Read this report, which demonstrates the business case for the SDGs and the US$12 trillion a year market opportunity available to companies that embrace the mission and lead with a strategic vision.

4. Sustainable Finance

Key Points

  • Unlocking the US$2.4 trillion a year additional investment needed to achieve the Global Goals depends on orienting the global financial system towards long-term sustainable outcomes.
  • In principle, there is no shortage of capital given that total financial assets stand at more than US$290 trillion and are growing by five percent a year.
  • However, investors place a high premium on liquidity in their choice of assets, despite mounting evidence of the long-term outperformance of more sustainable investments.
  • Three critical areas of action for business leaders to unlock Global Goals investment are:
  • Creating an open-access and standardized system for companies to report on their performance on the Global Goals and enable sustainability benchmarking;
  • Plugging the global infrastructure gap with a massive scale-up in the availability of blended finance to share risks between public and private investors; and
  • Aligning financial regulation with the Global Goals, extending the work of the Financial Stability Board's Taskforce on Climate-Related Disclosures, and helping to make sustainable asset classes more investible at lower cost.

Business leaders who adopt the Global Goals as a growth strategy can do a lot to unlock the significant amount of long-term public and private investment needed to achieve them. The UN Sustainable Development Solutions Network (SDSN) values the total additional investment needed to achieve the Global Goals in all countries at US$2.4 trillion a year, around 11 percent of annual global savings, with the lion's share – around US$1.6 trillion – needed for infrastructure. 

There should be a big enough supply of capital available to finance the Global Goals. 

Financial assets currently exceed US$290 trillion and are growing at five percent a year. Nearly US$100 trillion is invested in pension funds, insurance companies, and investment funds, including sovereign wealth funds. As of November 2016, over US$11 trillion was invested in negative yielding sovereign bonds – capital that could be invested more productively elsewhere. 
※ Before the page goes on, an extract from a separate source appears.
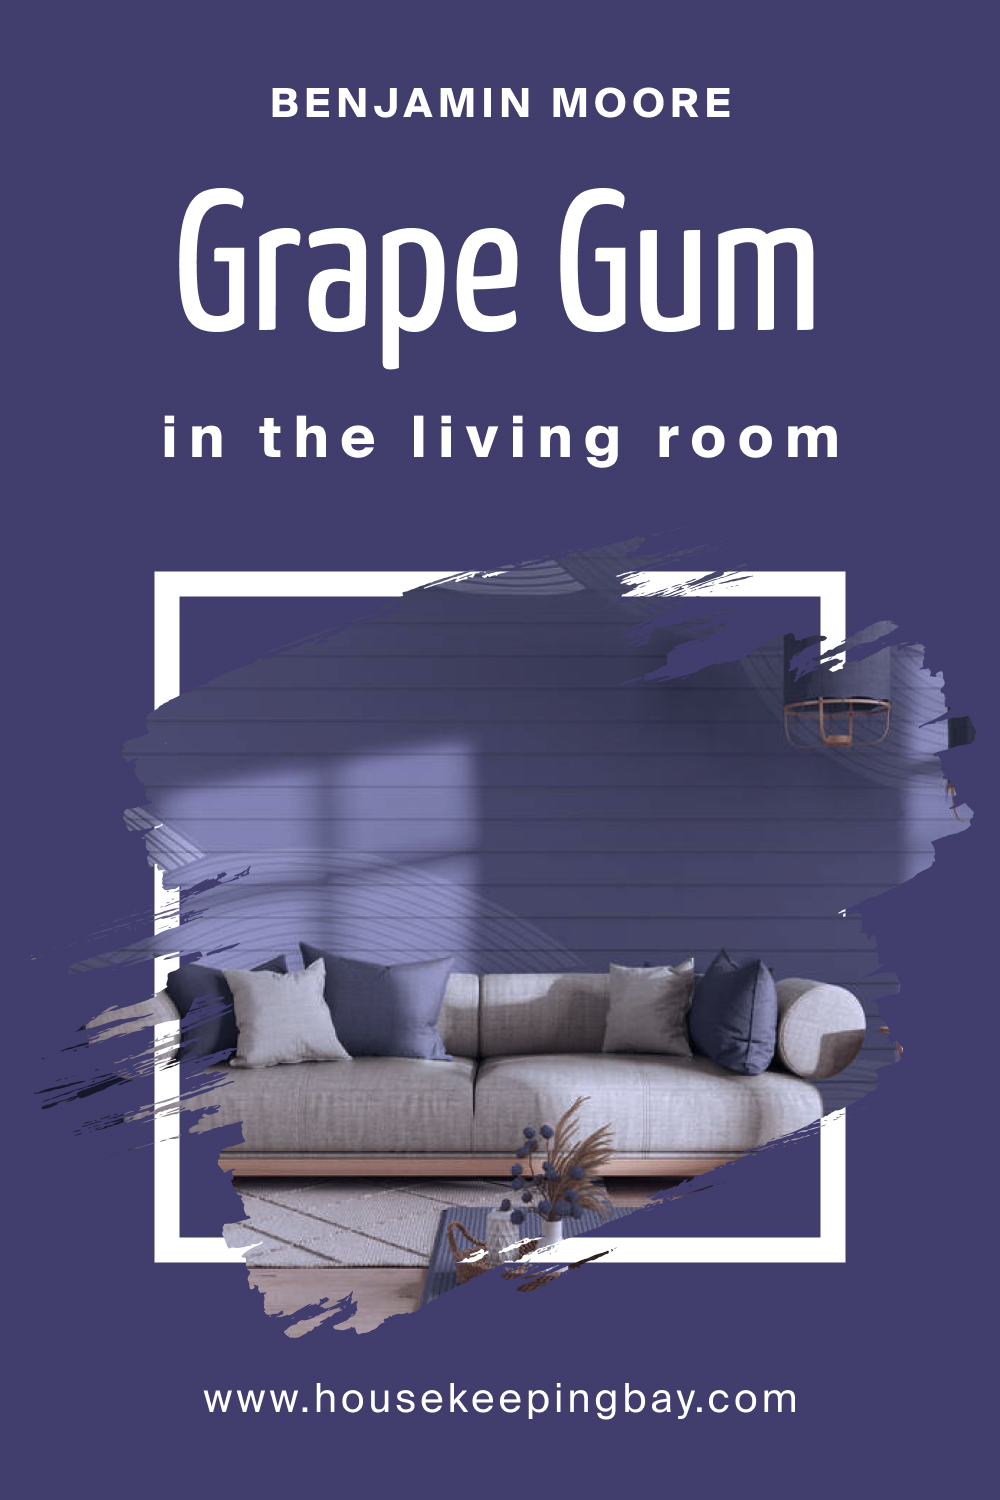 How to Use BM Grape Gum 2068-20 in the Living Room?

However, that seemingly ample capital supply won't meet the investment demand generated by the Global Goals without major changes in the financial system. The main trouble is that too many investors want immediate results. Over half of CEOs report feeling under pressure to deliver financial results within a year or less, leading many to prioritize immediate shareholder rewards over investments for the future. 
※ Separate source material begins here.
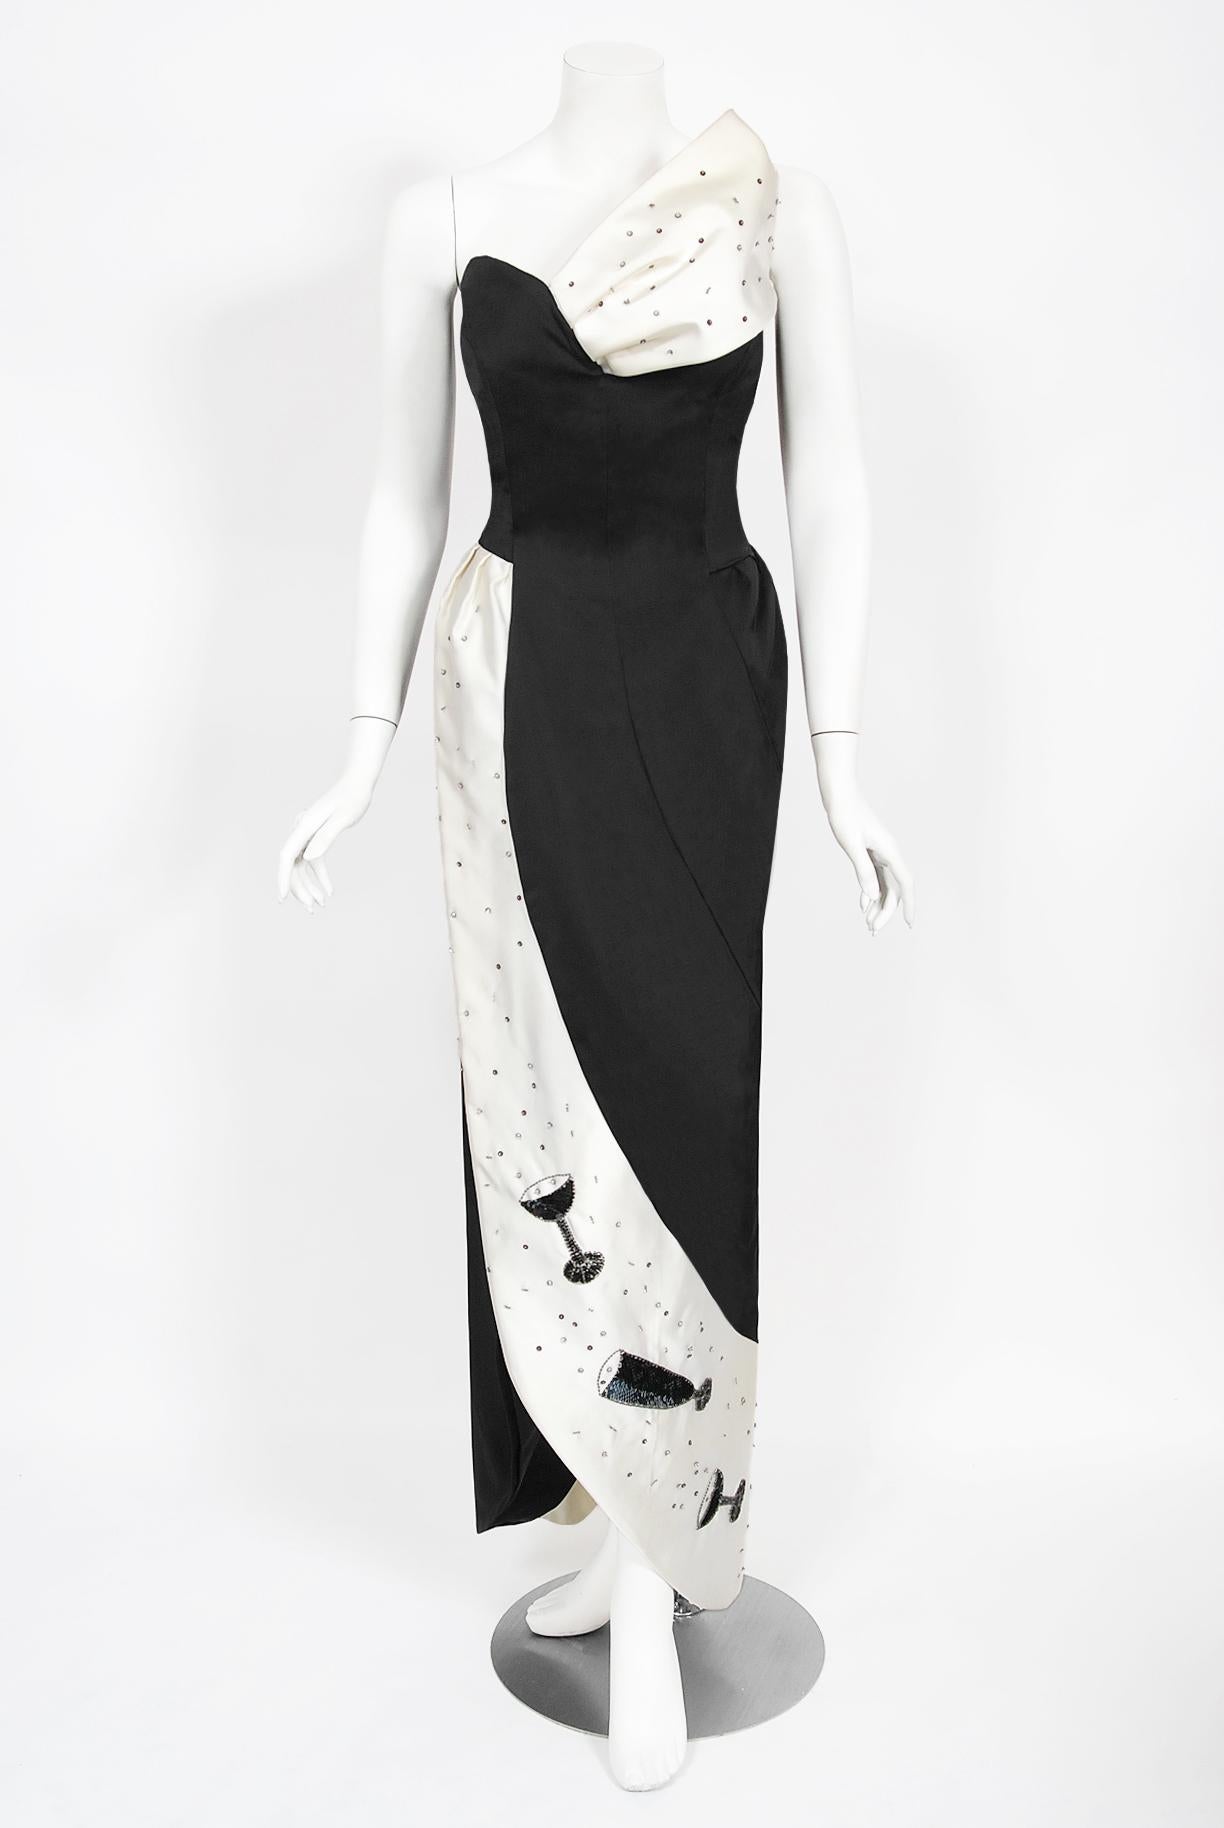 A whimsical and totally unique 'champagne flutes and sequined bubbles' novelty black and white satin gown by Tan Giudicelli of Paris. He was known for his surrealist approach to fashion and this dress is no exception. The elegant strapless bodice

Achieving the Global Goals depends on aligning the global financial system with sustainability and long-term outcomes. But the financial system consists of tens of thousands of institutional participants – including regulators, banks, insurance companies, stock and bond exchanges – and billions of individual market participants. 

Lengthening the investment horizon of so many market participants and attracting them to sustainable investments in line with the Global Goals requires clear thinking, individual and sectoral action, and unprecedented collaboration between the public and private sector. The financial sector is highly innovative and responsive to opportunity (see Box 10: Innovations in finance that can progress sustainable development). The Commission has identified three areas of action for business leaders to pursue in response to the Global Goals opportunities: standardizing and simplifying sustainability reporting; unlocking public and private investment in infrastructure; and aligning financial regulation and investment principles with sustainable development.

Rapid progress in these three areas will help investors, businesses, and governments to achieve the universal benefits of sustainable development in a joined-up fashion, and to share in those benefits themselves. But we recognise that financial customs and investment communities differ in different jurisdictions: the actions we suggest under the principles below are to be refined and adapted appropriately.